Task directions> Only one portion of the data is to be written out: from the line bearing "上海辞书出版社的最经典，最权" through the line bearing "Perceeloppervlakte Elvis Presleystraat". Write it exactly as it appears.

Exercise materials>
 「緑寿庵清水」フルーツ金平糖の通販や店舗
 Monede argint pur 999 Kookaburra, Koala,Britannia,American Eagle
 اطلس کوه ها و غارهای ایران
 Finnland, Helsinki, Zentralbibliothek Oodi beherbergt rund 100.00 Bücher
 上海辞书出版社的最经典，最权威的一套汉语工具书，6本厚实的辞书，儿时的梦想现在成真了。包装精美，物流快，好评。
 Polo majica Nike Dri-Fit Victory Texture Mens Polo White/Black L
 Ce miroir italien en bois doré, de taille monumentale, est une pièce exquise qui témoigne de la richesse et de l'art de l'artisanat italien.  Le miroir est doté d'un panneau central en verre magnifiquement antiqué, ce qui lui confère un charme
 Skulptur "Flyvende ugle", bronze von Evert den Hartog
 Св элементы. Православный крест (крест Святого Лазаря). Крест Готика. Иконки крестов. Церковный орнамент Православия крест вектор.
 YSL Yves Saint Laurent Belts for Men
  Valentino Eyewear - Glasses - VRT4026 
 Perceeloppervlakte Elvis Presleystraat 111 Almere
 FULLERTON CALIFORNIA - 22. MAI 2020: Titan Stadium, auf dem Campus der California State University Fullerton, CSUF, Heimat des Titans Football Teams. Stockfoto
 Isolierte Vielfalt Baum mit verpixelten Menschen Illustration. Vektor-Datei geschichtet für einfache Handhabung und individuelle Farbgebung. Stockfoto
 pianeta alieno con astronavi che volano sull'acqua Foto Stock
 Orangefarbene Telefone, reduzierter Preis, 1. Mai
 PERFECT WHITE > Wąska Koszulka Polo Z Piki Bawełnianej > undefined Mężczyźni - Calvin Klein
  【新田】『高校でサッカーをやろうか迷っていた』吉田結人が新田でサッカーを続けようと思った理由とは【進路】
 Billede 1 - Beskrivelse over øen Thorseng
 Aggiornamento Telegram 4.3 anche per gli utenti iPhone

Task output>
 上海辞书出版社的最经典，最权威的一套汉语工具书，6本厚实的辞书，儿时的梦想现在成真了。包装精美，物流快，好评。
 Polo majica Nike Dri-Fit Victory Texture Mens Polo White/Black L
 Ce miroir italien en bois doré, de taille monumentale, est une pièce exquise qui témoigne de la richesse et de l'art de l'artisanat italien.  Le miroir est doté d'un panneau central en verre magnifiquement antiqué, ce qui lui confère un charme
 Skulptur "Flyvende ugle", bronze von Evert den Hartog
 Св элементы. Православный крест (крест Святого Лазаря). Крест Готика. Иконки крестов. Церковный орнамент Православия крест вектор.
 YSL Yves Saint Laurent Belts for Men
  Valentino Eyewear - Glasses - VRT4026 
 Perceeloppervlakte Elvis Presleystraat 111 Almere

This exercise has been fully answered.